La Shadow II, certamente comoda, ti accoglie in un’atmosfera ovattata che ti fa sentire fuori dal tempo. Il profumo della pelle ti avvolge, la radica appaga la vista ed il tatto, chiunque trova con facilità la posizione perfetta di guida appoggiando poi le mani al sottile volante. Dopo la messa in moto, silenziosa e senza nessun scricchiolio, parti e sembra di viaggiare a pochi centimetri da terra, ma se pensi che sia una tranquilla berlina, ti rendi conto che se acceleri, va via con una decisione inaspettata. Su strada viaggi rilassato, attento solo a non fare movimenti bruschi con il volante dato l’eccessivo servosterzo che lo rende leggerissimo e sensibilissimo oltre ogni aspettativa. Maneggevole come un giocattolino anche nel traffico, devi accettare il fatto di stare in campana e di poter finire vittima di dispetti o manovre imprevedibili da parte di qualche automobilista meno gentleman di quanto tu sia. L’occhio non può che soffermarsi sulla statuina che troneggia sulla punta del cofano e ripensando alla vera storia del marchio, tutto assume un sapore più ricco di storia e nobiltà. In velocità va sempre considerato il peso e l’assetto morbido, ma non lo si può considerare un difetto – se la si guida come una Lotus, ti fa capire che non lo è, e se lo fai, non puoi dare poi la colpa all’auto se ti ritrovi in un prato. Una Rolls Royce va guidata con dolcezza e rispetto. Mi viene solo rabbia nel pensare che queste vetture si trovano a prezzi troppo bassi per quello che sono, quello che offrono e quello che rappresentano.

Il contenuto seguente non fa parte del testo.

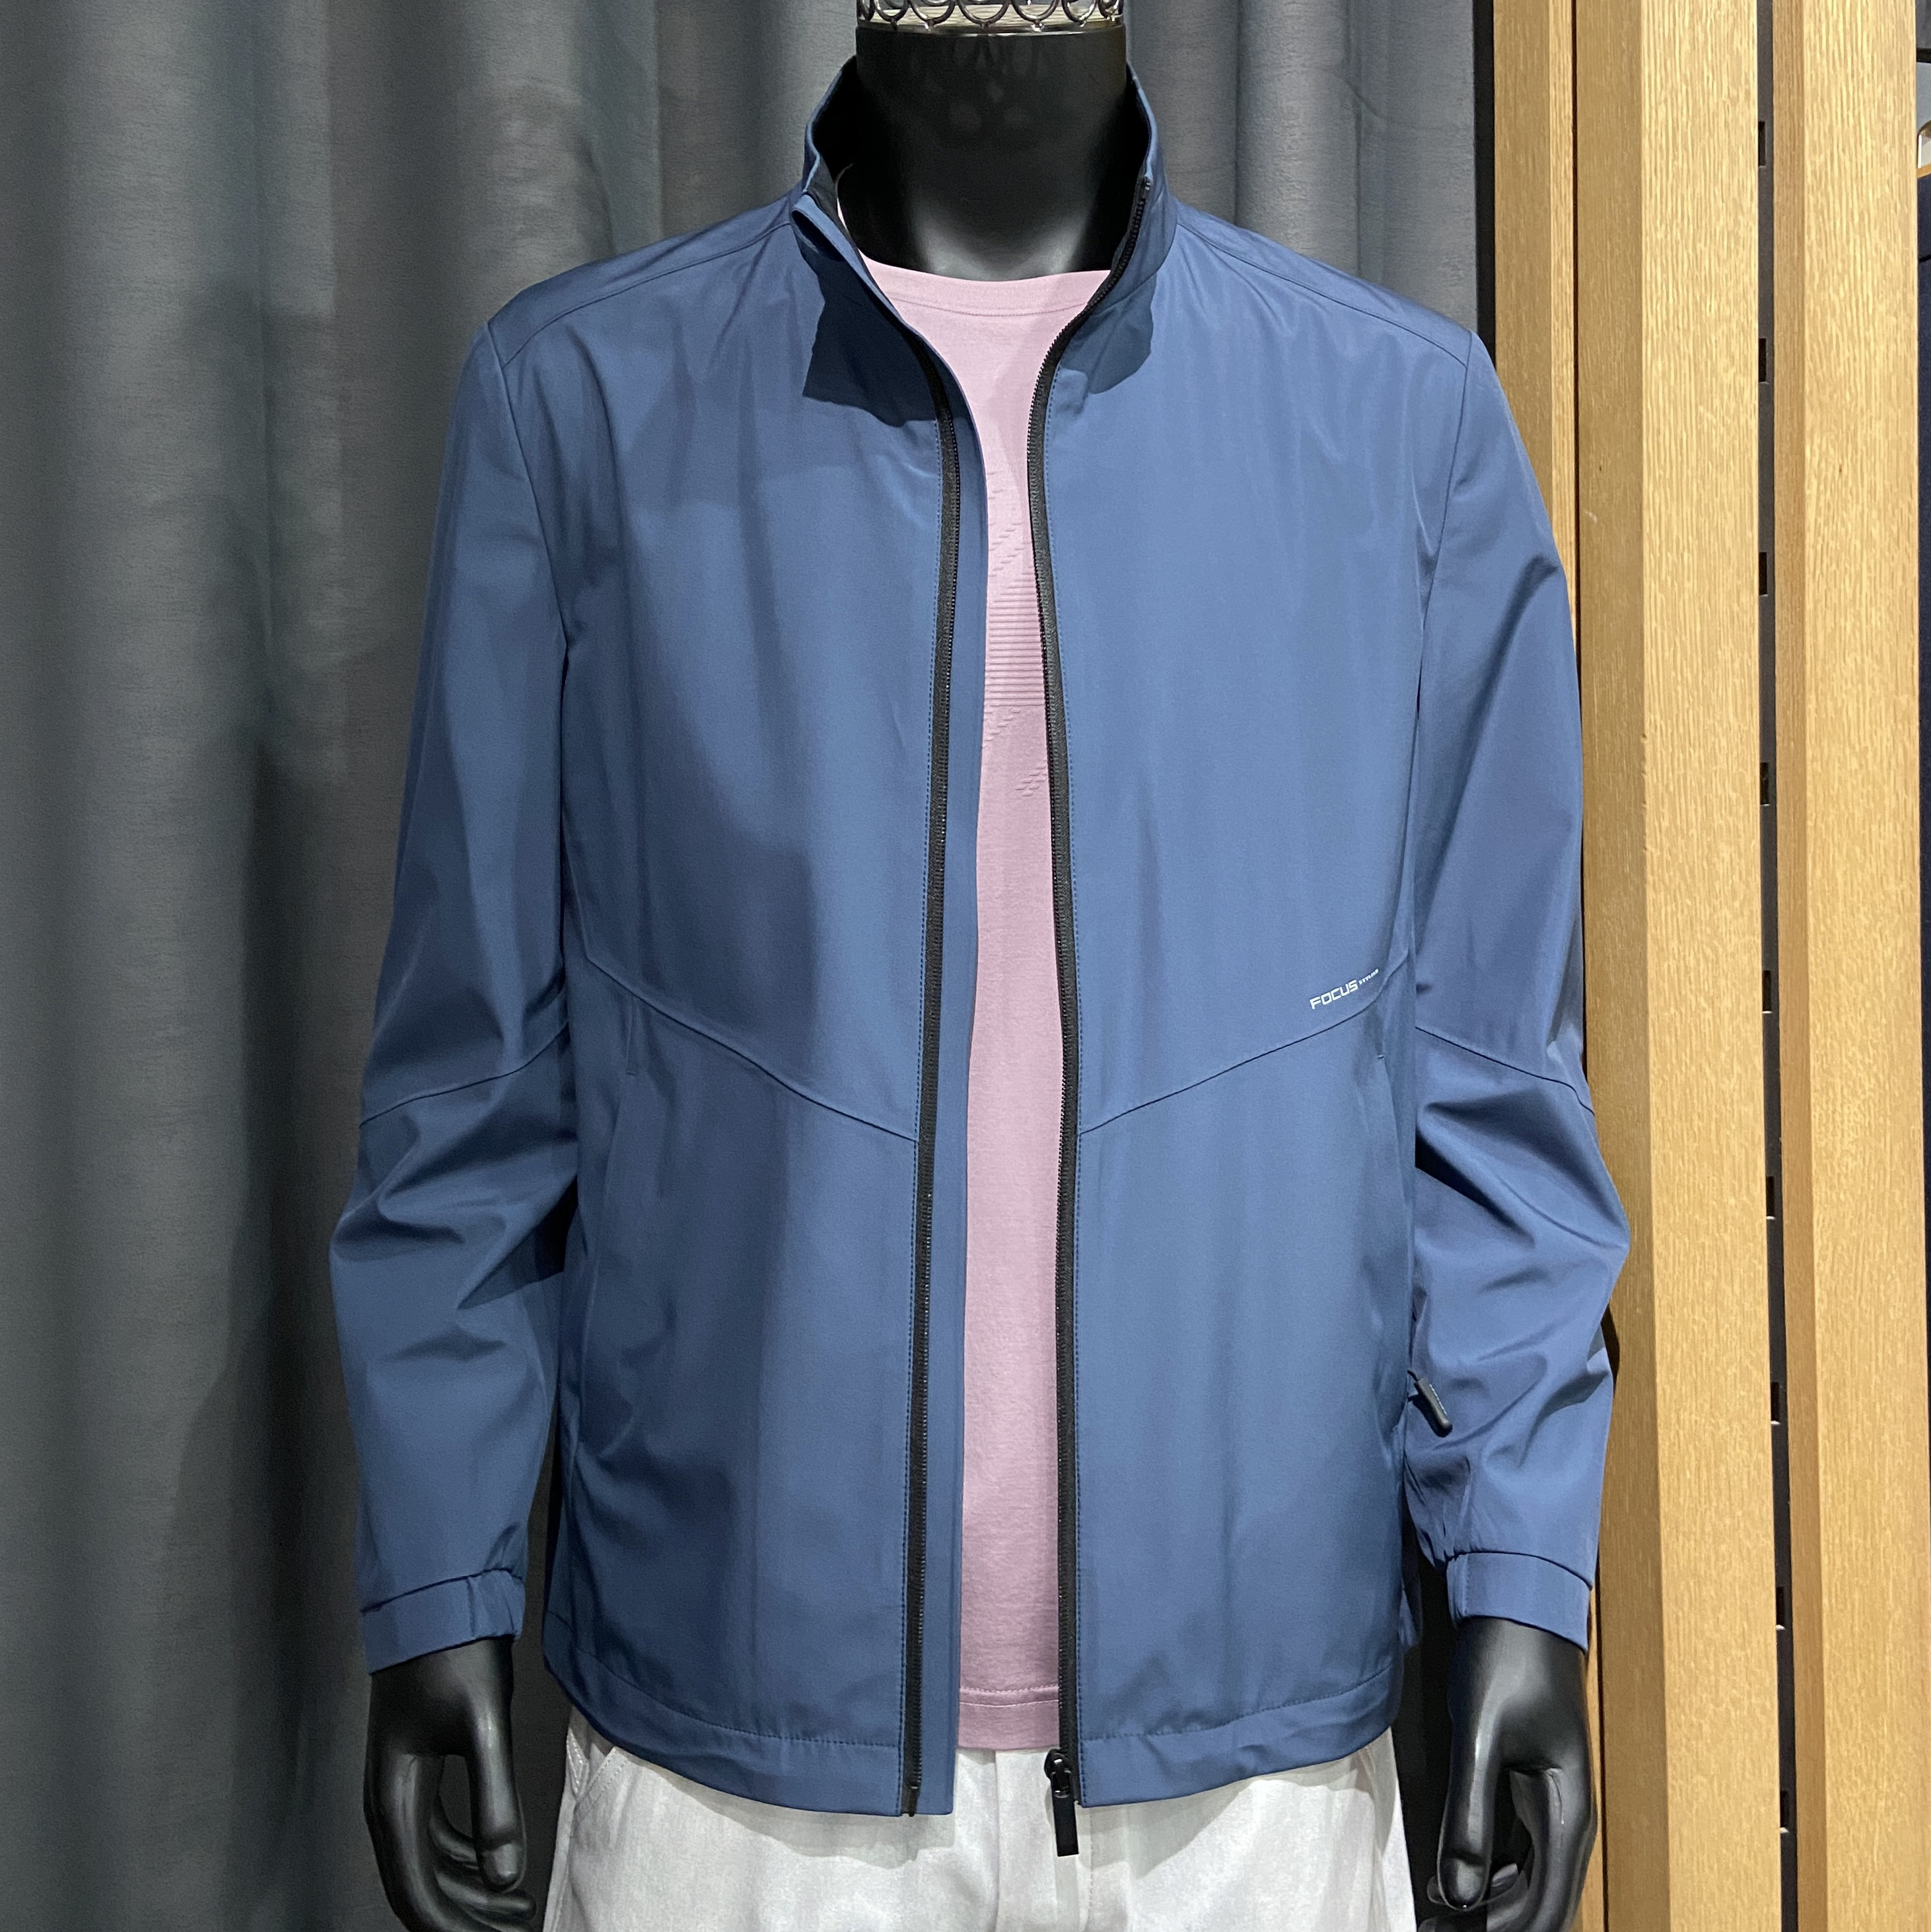 福利 男士精品立领夹克 高端复合面料 抗皱耐磨防风防水 春季外套
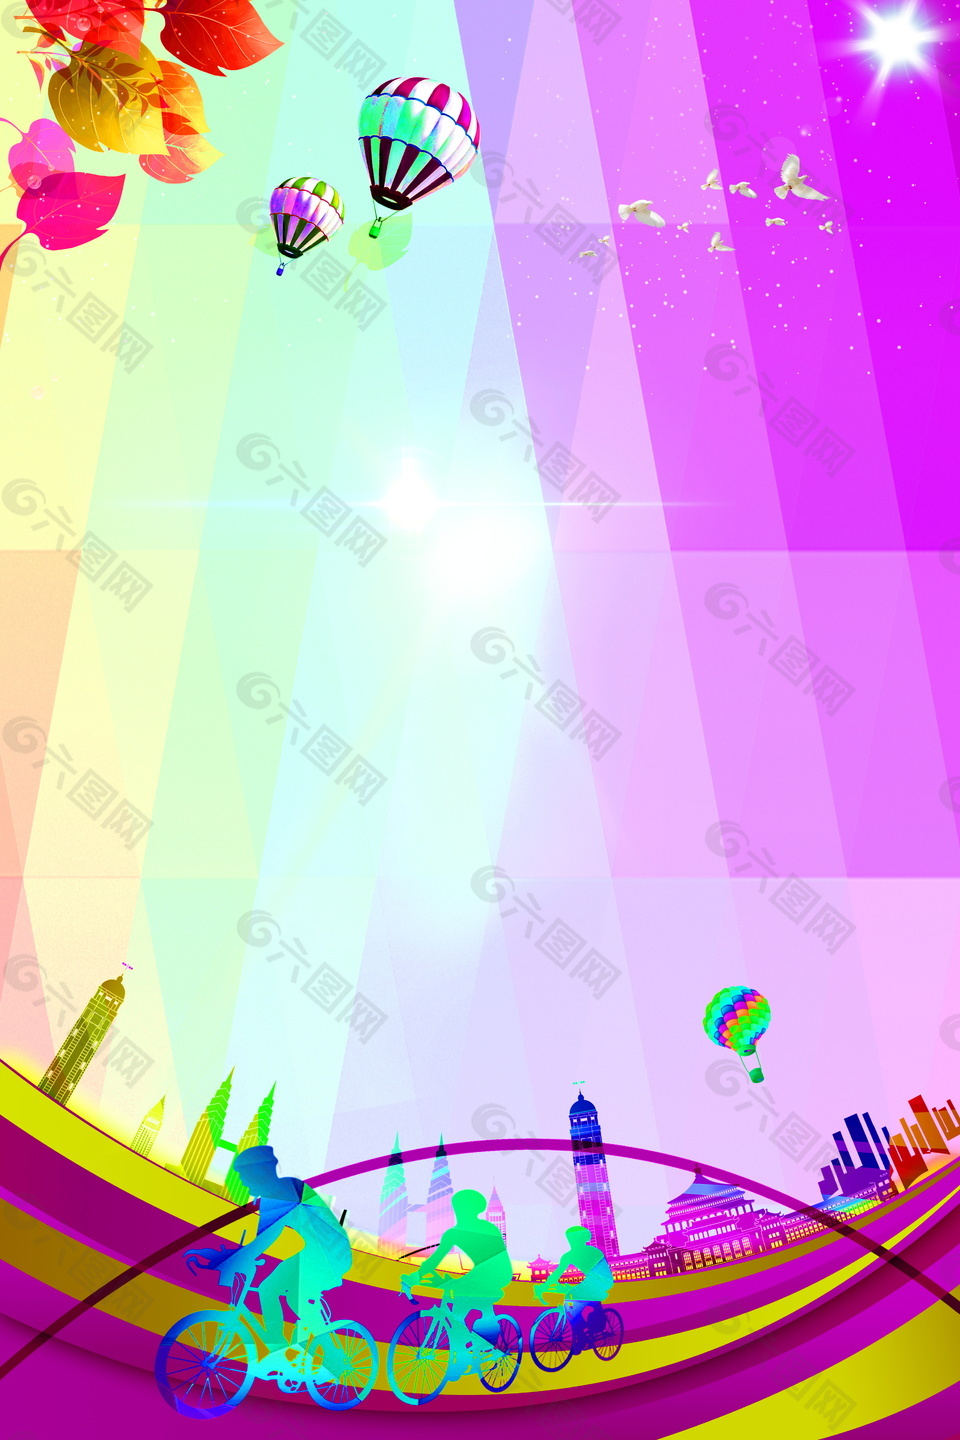 彩色枫叶热气球旋转文明城市广告背景素材

Consigliata? Si, senza dubbio. Resta inteso che l’esemplare sul quale dovrebbe capitare la vostra attenzione sia in ottimo stato di conservazione, dalla meccanica, agli interni e sino alla carrozzeria. Per i colori c’è davvero da sbizzarrirsi, moltissimi anche gli abbinamenti interno/esterno e pure fantastici bicolori. Alcune con il tetto in vinile, anche questo da controllare con cura affinché non nasconda fioriture di ruggine. Si, perché anche le più nobili lo fanno, ma con stile e poco alla volta.